In any undertaking that attempts to affect a visceral change in how the
audience perceives the world around them, the only tools available are of
course the actors. As Grotowski wrote in “Towards a Poor Theatre”:
By gradually eliminating whatever proved superfluous, we found that
theatre can exist without make-up, without autonomic costume and
scenography, without a separate performance area (stage), without lighting
and sound effects, etc. It cannot exist without the actor-spectator
relationship of perceptual, direct, “live” communion.
The cast here is undaunted and unbowed by the demands placed on them by
both playwright and director and commit to the concept of the piece with a
courage comparable to that of the Titanic’s orchestra.
As the piece grapples to evolve, the actors (the written “actors” not the
performing actors) prove unable to bridge the vast distances of space and
time separating them from the Africa of 1904. But now the process, as
processes will, develops its own driving dynamism.
The span of distance and time contracts, no longer Africa and long
forgotten events, now the references shift to the American South, and the
brutal practices of segregation masquerading beneath the deception of
“separate but equal.” Now the story trying to be told is our story, a
story not buried in “history” but of yesterday, and still the actors find
themselves unable to connect to the events or even relate to one another.
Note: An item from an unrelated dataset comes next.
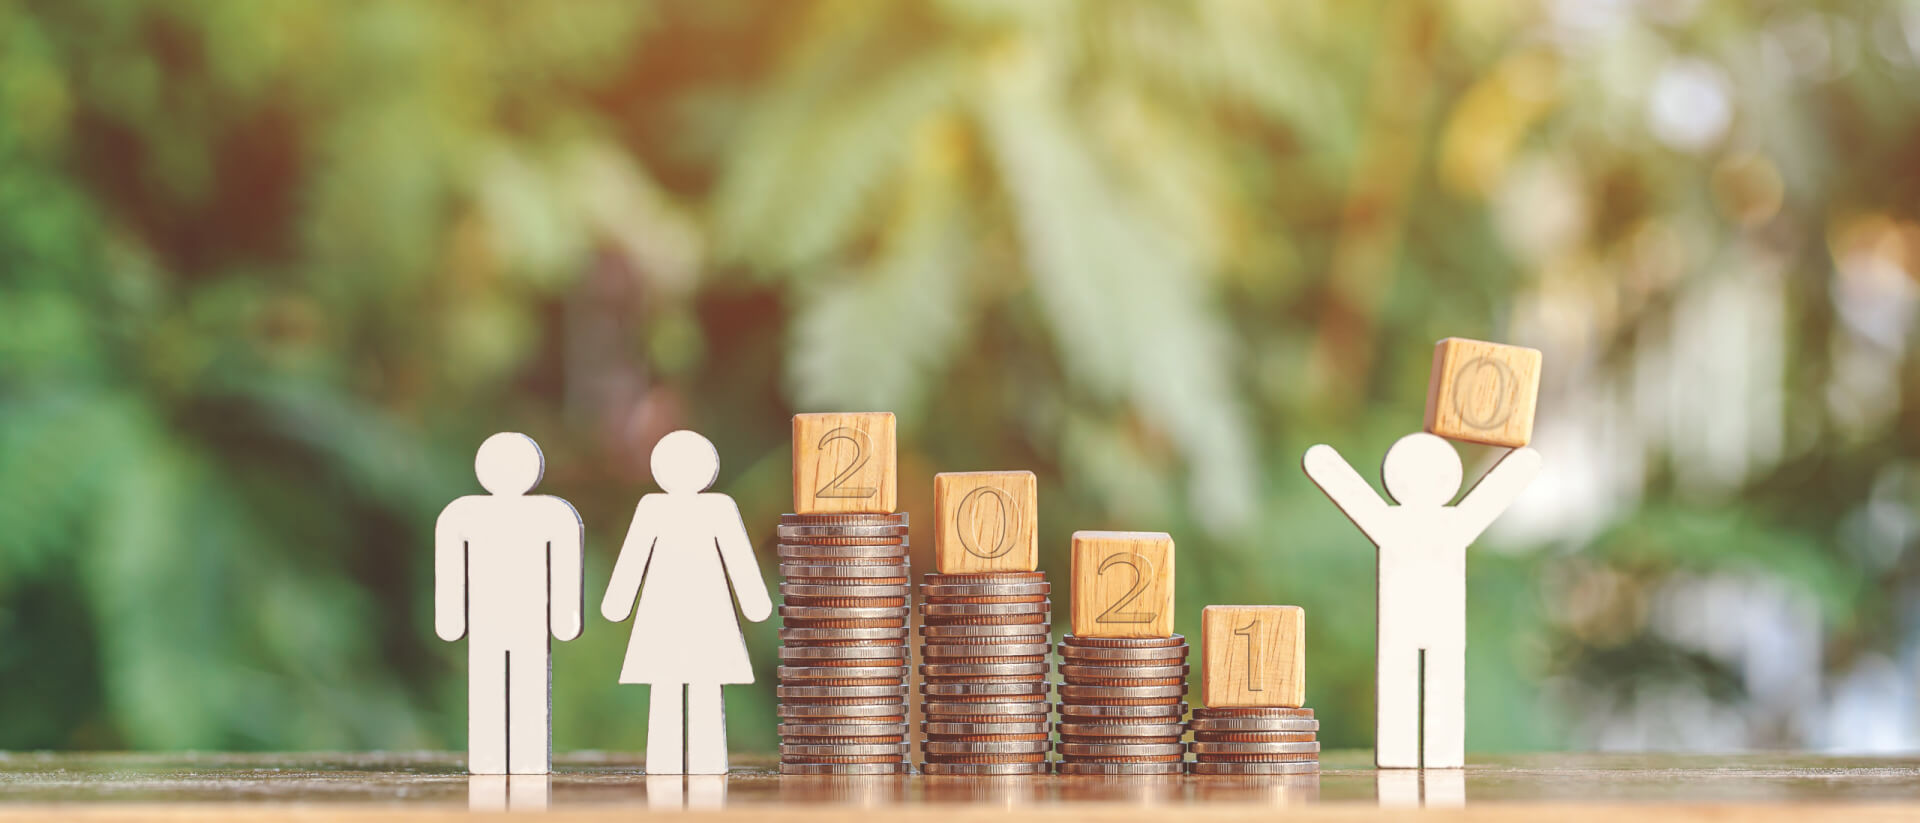 Montaje con monedas simulando un aumento de salario con montones de monedas en 2021.

In his classic work, “Violence and the Sacred”, René Girard
emphasized that at the very core of what humans define as sacred lies
violence. As the actors in Drury’s piece discover to their regret, the
bridge to the horrors they wish to present is not history; the passageway
to it is our own humanity.
I found myself frustrated with this work on a number of levels. I grasp
the playwright’s desire to enhance the communion shared by actors and
audience by purging the barriers between the two. But artifice, like
energy, cannot be destroyed, only transformed. Obliterate script, stage,
costume, language whatever you will in trying to make the truth truer and
reality realer, no sooner will you raze one embodiment of the artificial
than another will rise up like the hydra’s teeth in a Hegelian lockstep.
It is the curse of humankind, and also our uniqueness, that artifice is
the very expression of our existence. Were this not so, what bliss would
be had in the baying of the moon?
I was frustrated in being denied the history that first attracted the
playwright to write this piece. The Herero and Namaqua genocide, as well
as the Khaua-Mbandjeru rebellion, which preceded it, are tragic stories
that we stand in peril of forgetting. No other adage is as familiar or as
utterly untrue as the saying “History repeats itself.”
History never repeats itself.
But man, seemingly incapable of learning from his history, just keeps
making the same mistakes over and over again.
I was frustrated by the “snap” and “crackle” on stage, but in the end, no
“pop”. If the program notes are to be believed, Drury herself is aware
that she may have failed in what she set out to accomplish with this work.
It is to her credit that she acknowledges this. But it is to her greater
credit that she made the attempt.
I’ll take a brave failure over an insipid success any day of the week, and
for that alone I heartedly recommend this play.